_Problem description_:
From the first line to the last, transcribe the data exactly and skip the pictures.

_Recorded data_:
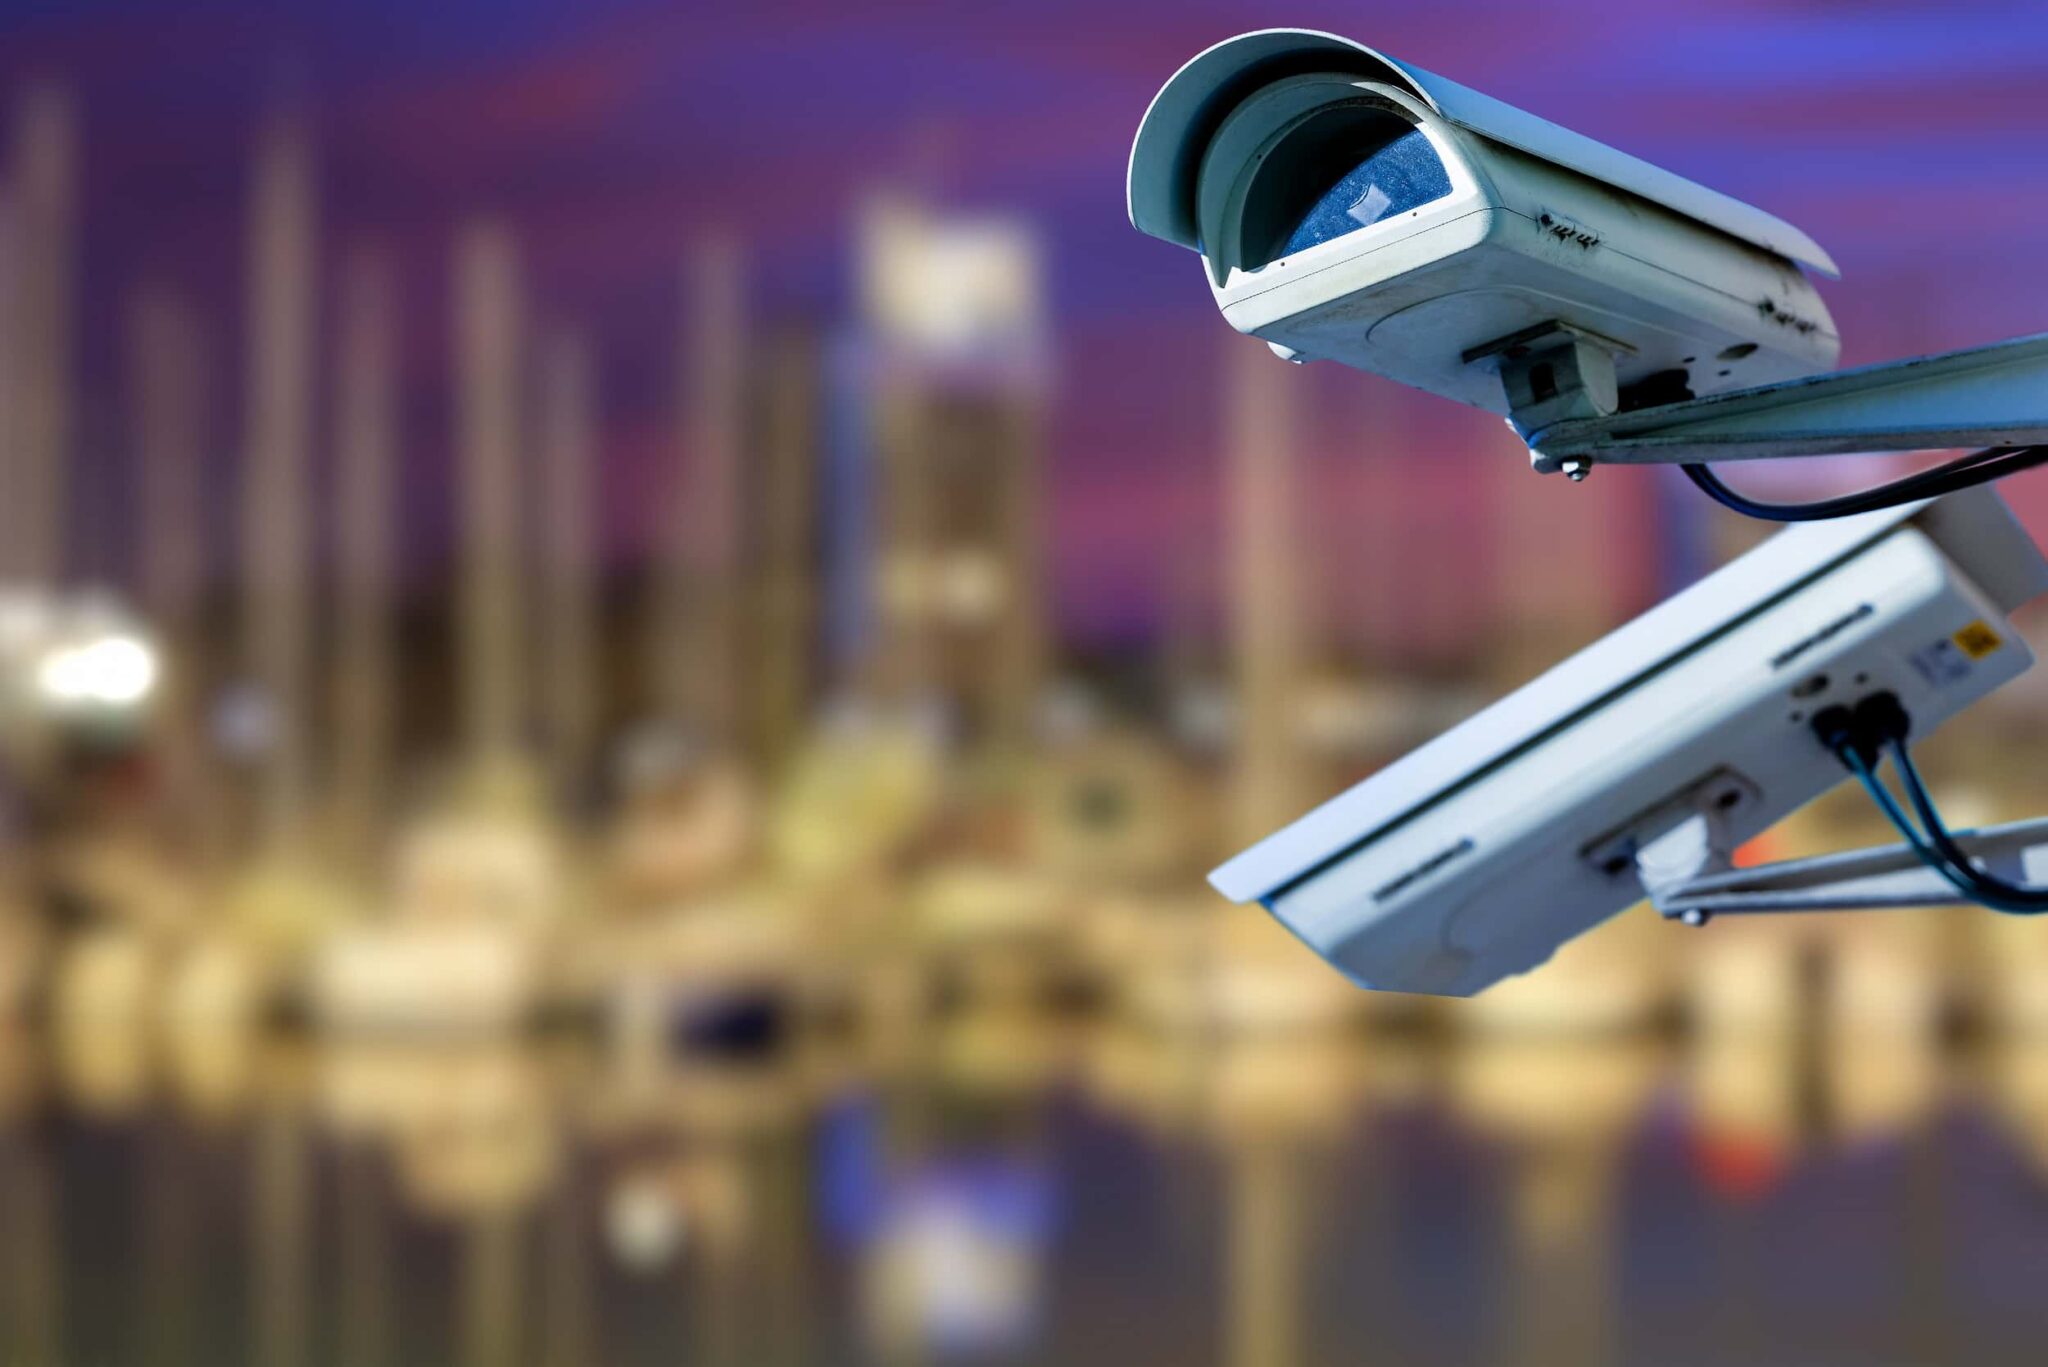 Krænker overvågningskameraer privatlivet? En forklaring af retningslinjer og retspraksis
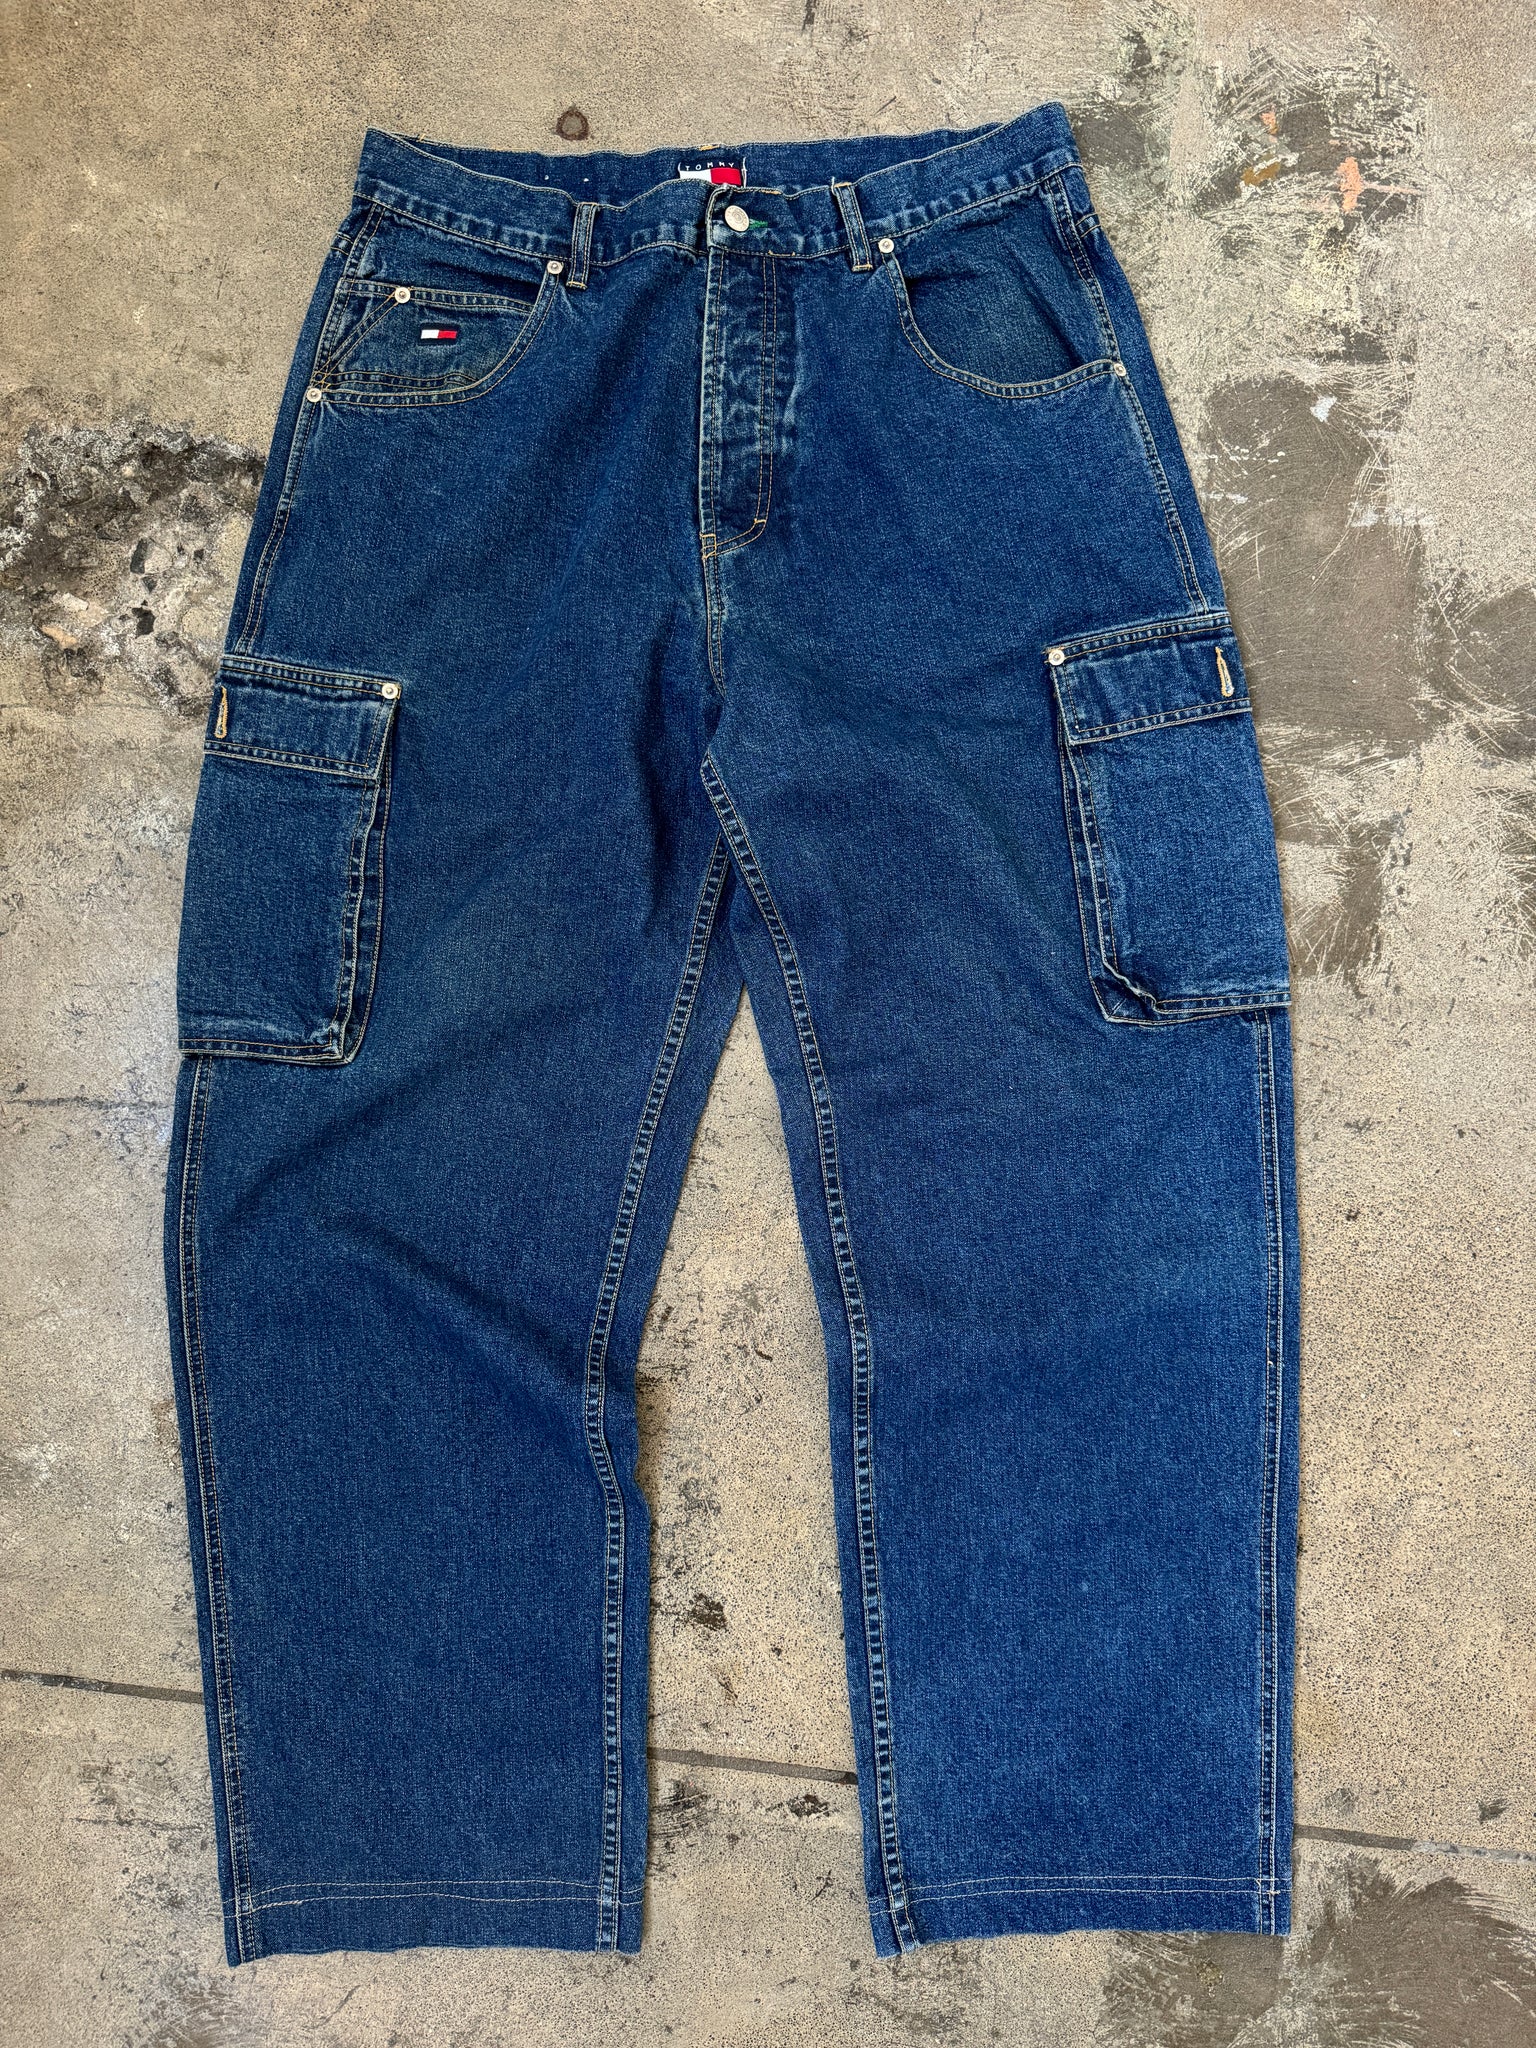 Vintage Tommy Hilfiger Pocket Jeans (36)
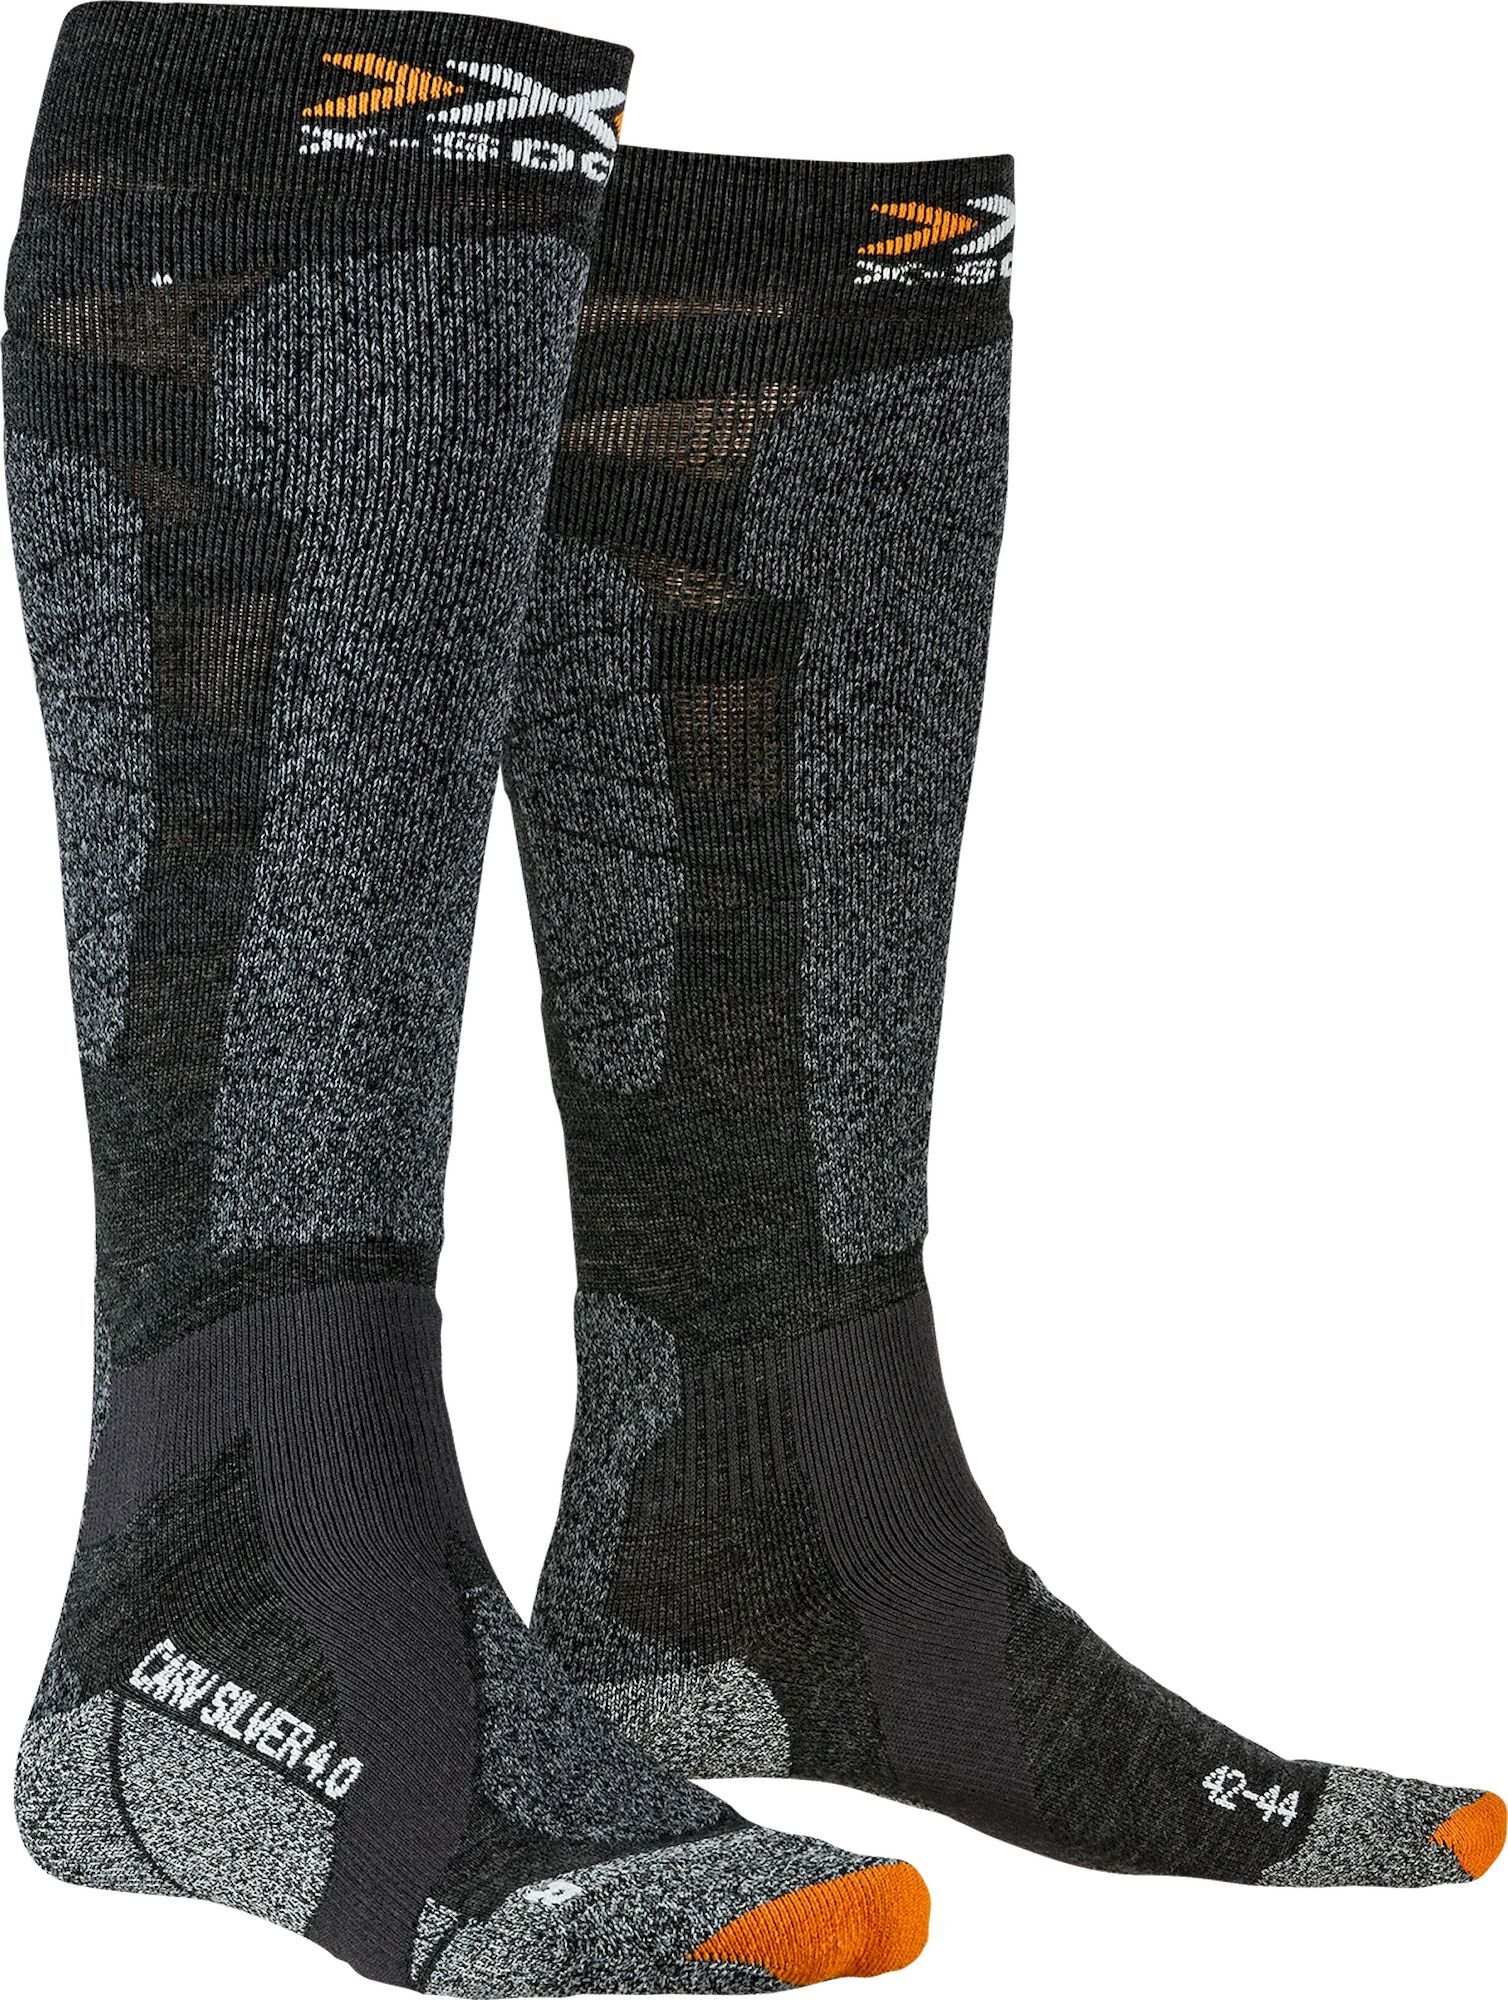 X-Socks Carve Silver 4.0 - Ski socks

_Solution_:
 Krænker overvågningskameraer privatlivet? En forklaring af retningslinjer og retspraksis
 Vintage Tommy Hilfiger Pocket Jeans (36)
 X-Socks Carve Silver 4.0 - Ski socks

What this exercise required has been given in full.